Is there any problem if an ICU unit is not filled completely? Will gear move up/down, left/right?

For LOKA I know it is small enough to be carry-on compatible. Is TILOPA BC also?

And how long does it take to get that pack? (in Europe)

Thanks in advance


----------



## JPAZ (Dec 29, 2013)

I've got a Loka and both a small and medium ICU. I was able to put a 100-400, 70-200 f/4 is, a 2xiii, Samyang 14, a backup portable drive, a 5diii with a 24-105 in and still had room left. It took some creative thinking in terms of the dividers.

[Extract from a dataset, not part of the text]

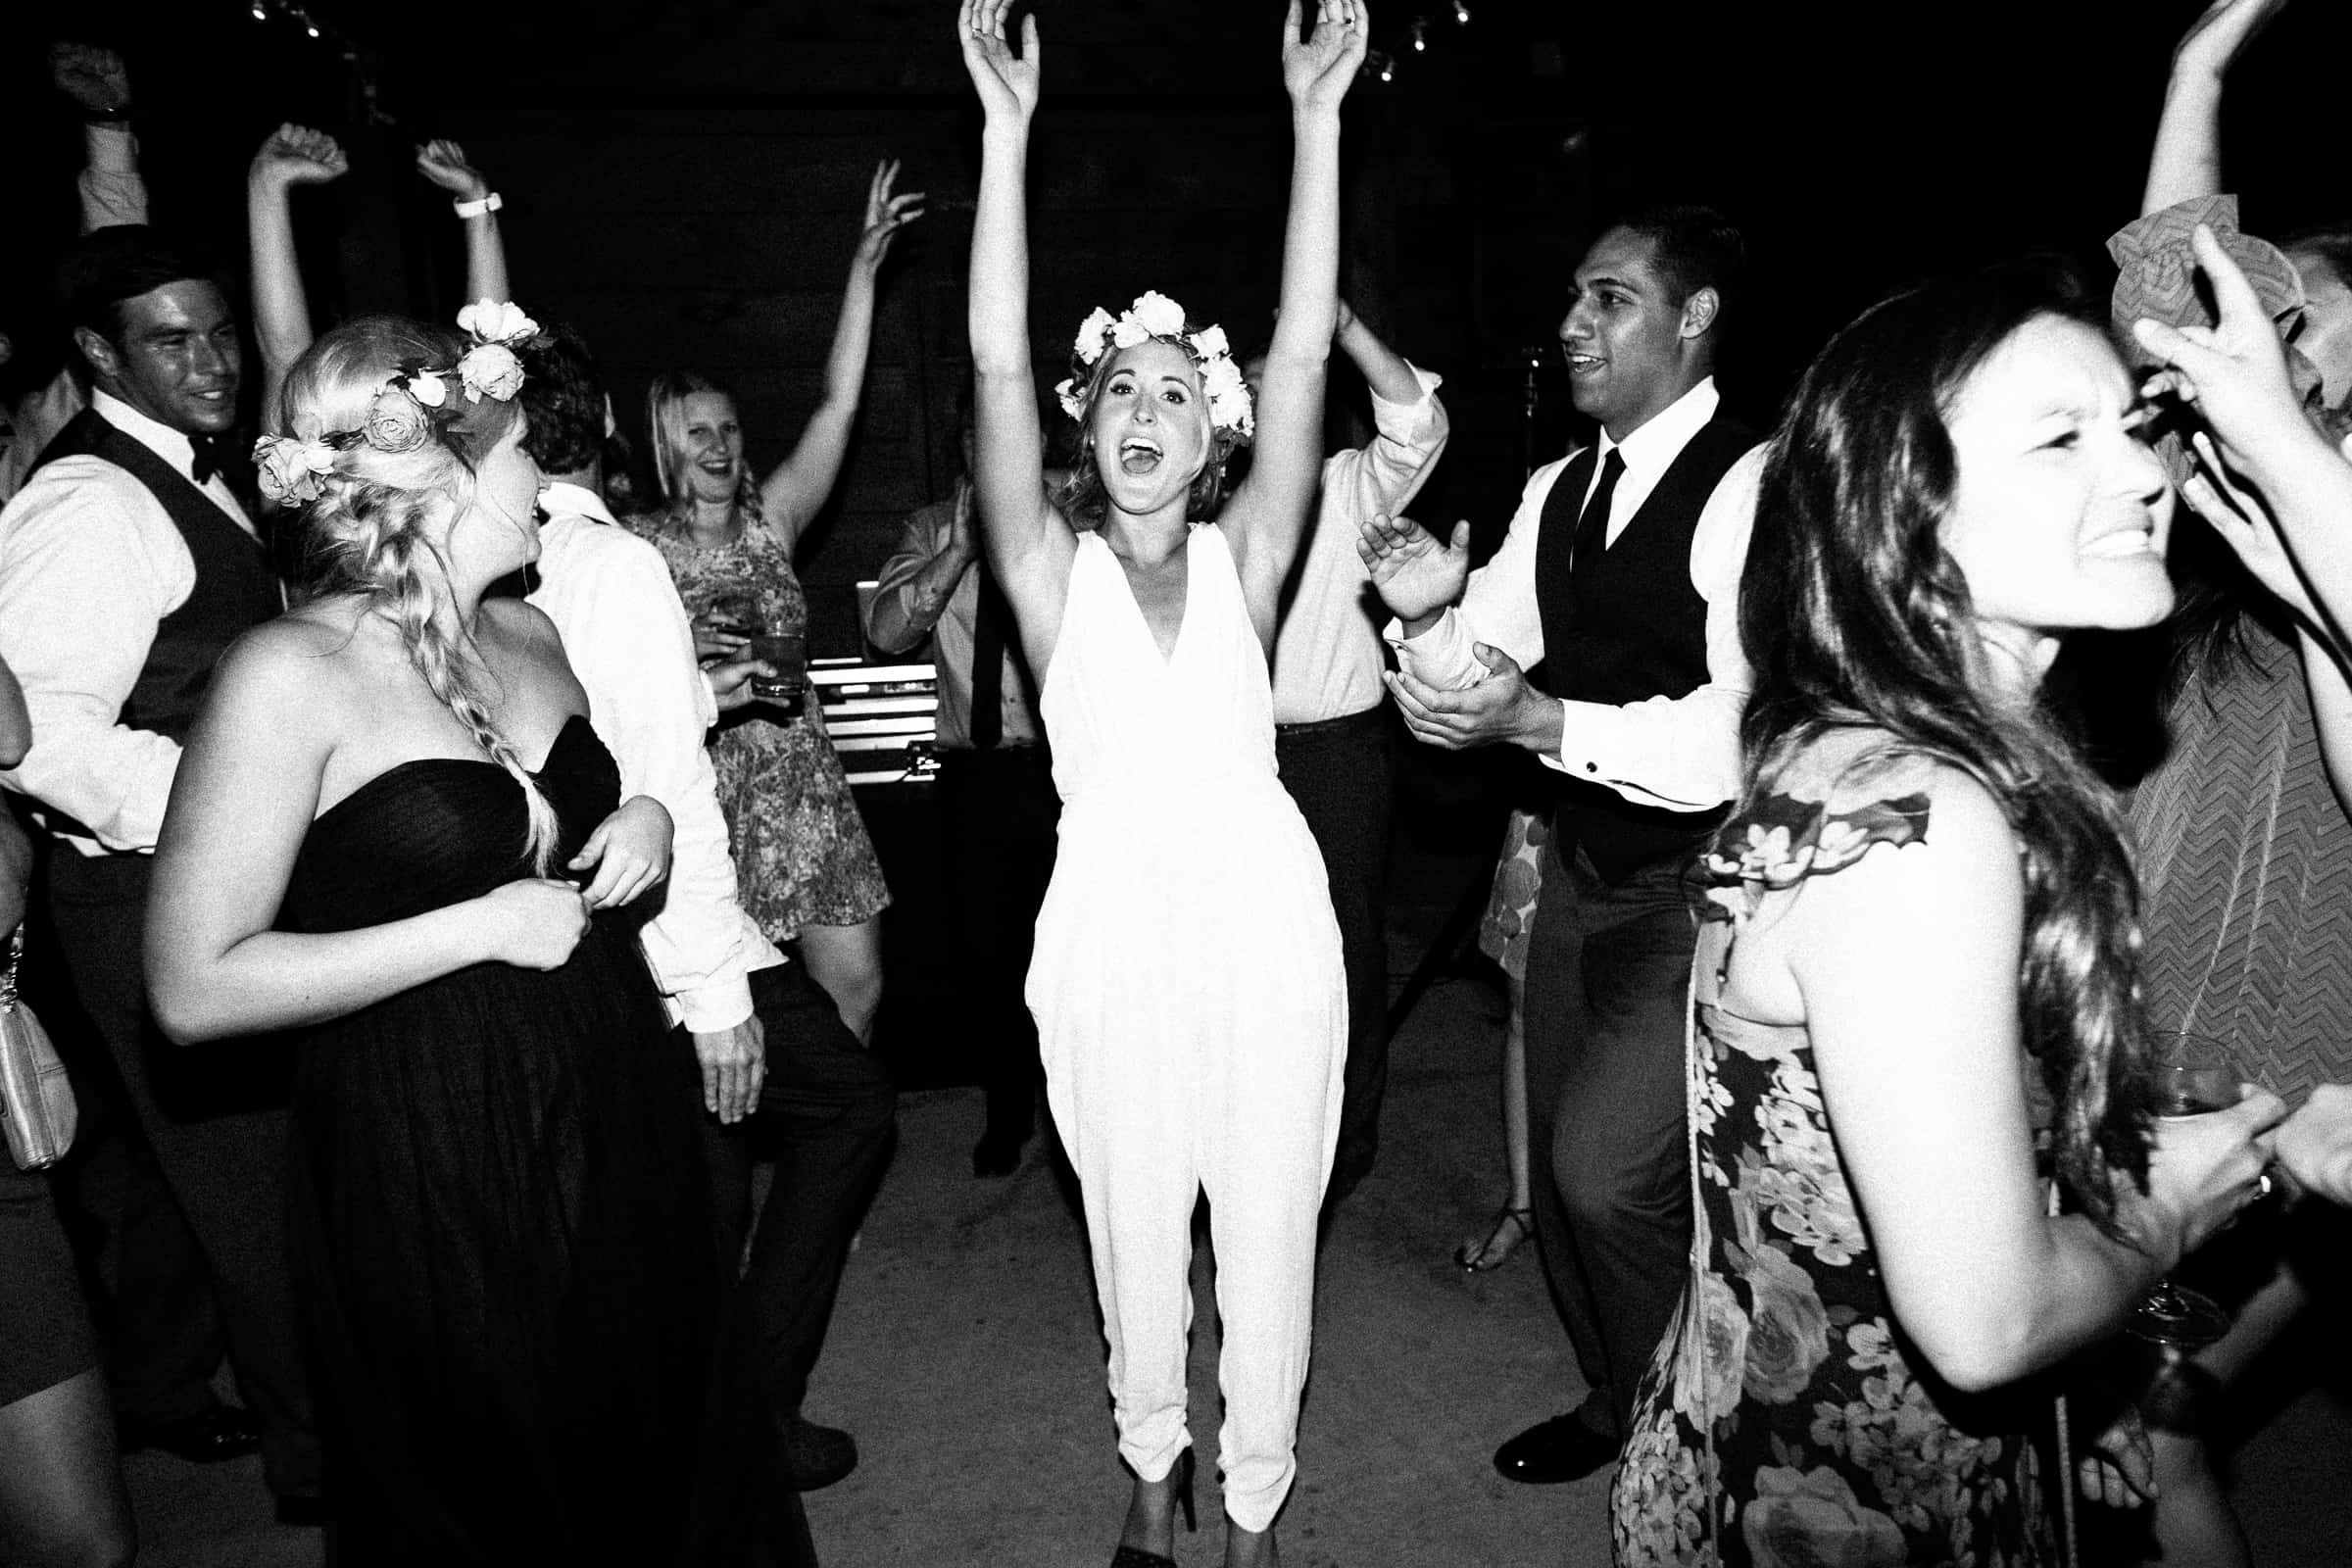 bride waving hands in the air dancing

On another trip, I had a 70-200 f/4 is, a 300 f/2.8, a 2xiii, a 1.4xiii, my 24-105, a backup hdd, and the 5diii packed by keeping the camera body in the bag above the medium ICU. I would think you could do this with the Loka, given the gear you describe. F-stop is pretty good (and accurate) in their assessment of your equipment and which ICU you might want. Email them. I have never had an issue with the Loka in an overhead bin in the usual aircraft and have been able to get it under the seat in front of me in smaller commuter aircraft. Can't comment on the other bag.


----------



## climber (Dec 29, 2013)

If you put both medium and small ICUs into the Loka (as I understand), it's pretty much the same room for photo gear as in one large ICU. If that's true, than how much space is left above ICUs for other equipment like clothes and food?


----------



## JPAZ (Dec 29, 2013)

Using 2 ICUs makes access to some of the compartments tough. With the medium, there's some room left that I access from the top. I can put some layers of clothing, snacks, etc above the ICU. I have even put my Thinktank holster in that space that is left for transportation (only 2 carry on limit in airplane) then move things around to trek once I arrive (I often hang the holster from the shoulder straps in front of me).


----------